While puzzles are a good way to spend a cold winter day, please remember that jigsaw puzzles, like chess, can become a form of sickness.  Limit your playing time or find a support group.  And, if by chance, you are Inspector # 4, I apologize.

Written by PJ Rice at www.ricequips.com

2 thoughts on “Jigsaw Puzzle Therapy for Frigid Days”

  1. HI Jack,

    it was nice to see you and Carole again this evening, and to reconfirm that we can disagree politely and with good reasoning on all manner of issues in society. Since I had not been at your blog in some time, I decided to see if there was a particular topic already on which I might be able to give an alternate view. And voila, there it was right in your second blog: the quip about Al Gore. Presumably, you mean ‘global warming’, and you are correct: according to how I understand the theory, out frigid spell could well be due to a global-warming-related phenomenon.

    The one I read was about an instability in the polar vortex, which, according to the lady who did the modeling of this phenomenon, becomes more severe as something connected with global warming increases. I wish I could remember what that was, but if you’re interested I’m sure you can find it with these keywords.

    Besides this theoretical-modeling type suggestion (there is too little hard evidence, over many years, to be very sure) I can say that my family members in the Netherlands had an unusually warm winter, and that my colleague in Russia complained about the same thing: too warm. It so happens that Europe and Russia are on opposite sides of the pole from us, so that a shift in the cold polar air toward us is perfectly consistent with a shift of cold air away from Europe and Russia, and an inflow of warmer air there. Is that proof? Again, not, but it’s consistent with what one expects from global warming.

    The proof of the pudding is, though, in a careful measurement of the average temperature over the whole earth. This, apparently, continues to increase when averaged over the years.And, the increase is at a much faster clip over the last few decades thanover the earlier decades.

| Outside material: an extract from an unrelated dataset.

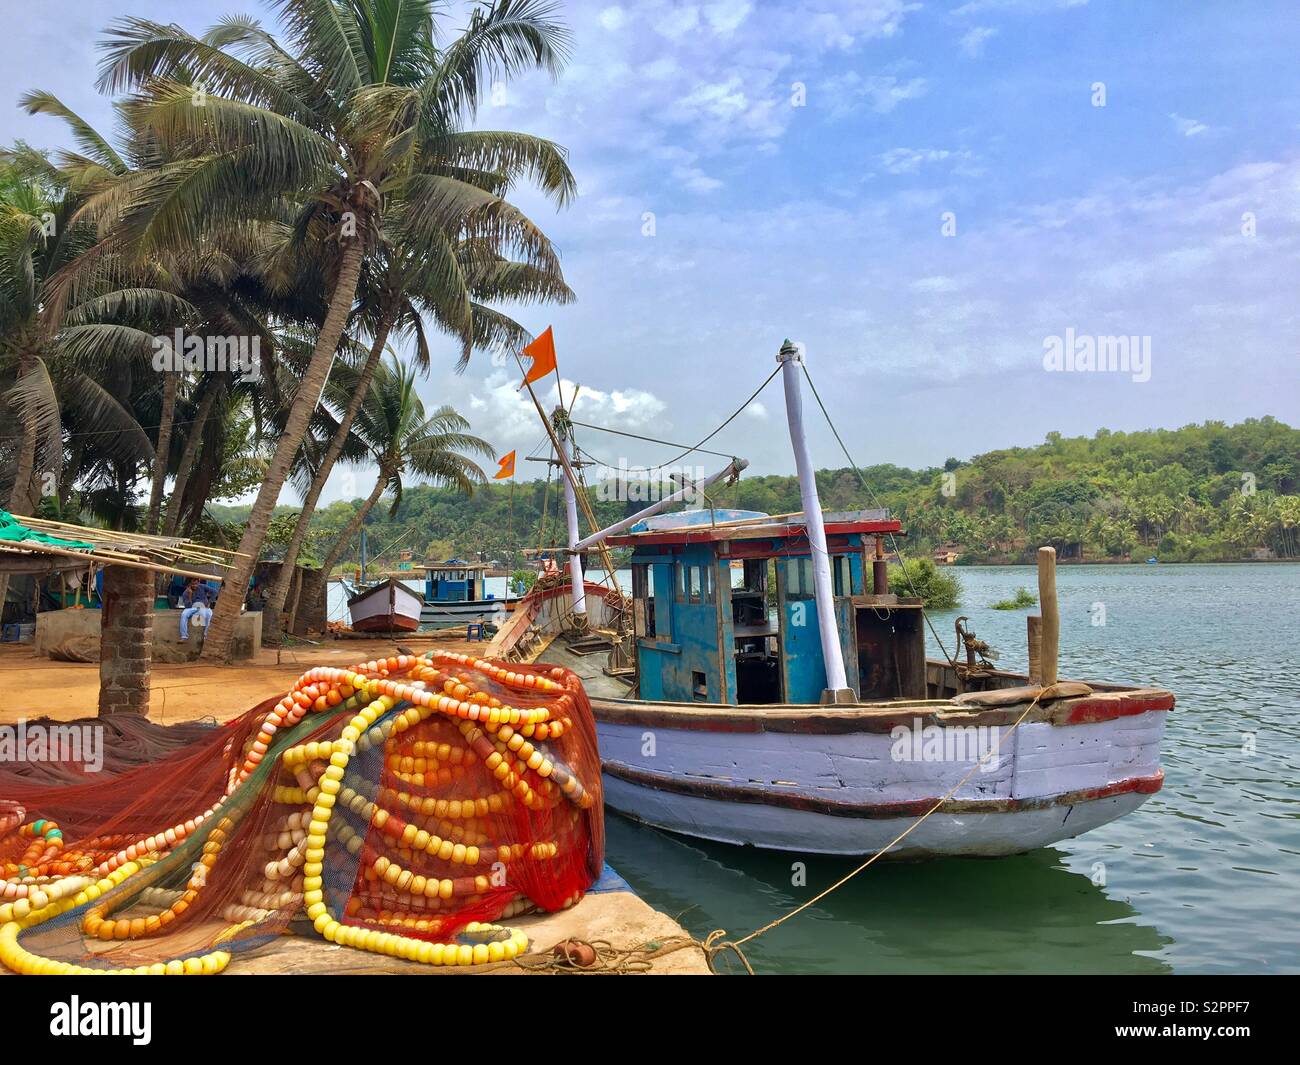 A small fishing boat in south India Stock Photo

    This year’s weather, and all other evidence I have read, is clear evidence of global warming: the phenomenon is no longer in doubt. Neither is in doubt that increased energy use by people is the culprit.

    That leaves a political problem is: what, if anything, do we do about it? and, who is ‘we’? just the civilized countries of the western world ( Japan?) Also Russia, China, and Brazil? Or only the European countries but not the US?
    Do we want to try to reduce the use of fossil fuels? Those came from the time when the earth was really warm and the dinosaurs roamed the earth eating verns and each other: when all that material is back in the atmosphere, maybe it will become just as warm as it was back then.
    Or, do we decide to do nothing, and let God sort it out? Or, something in between?

    One can reasonably disagree about these political questions, but that global warming is real and occurring now is no longer in question. It’s well-established fact.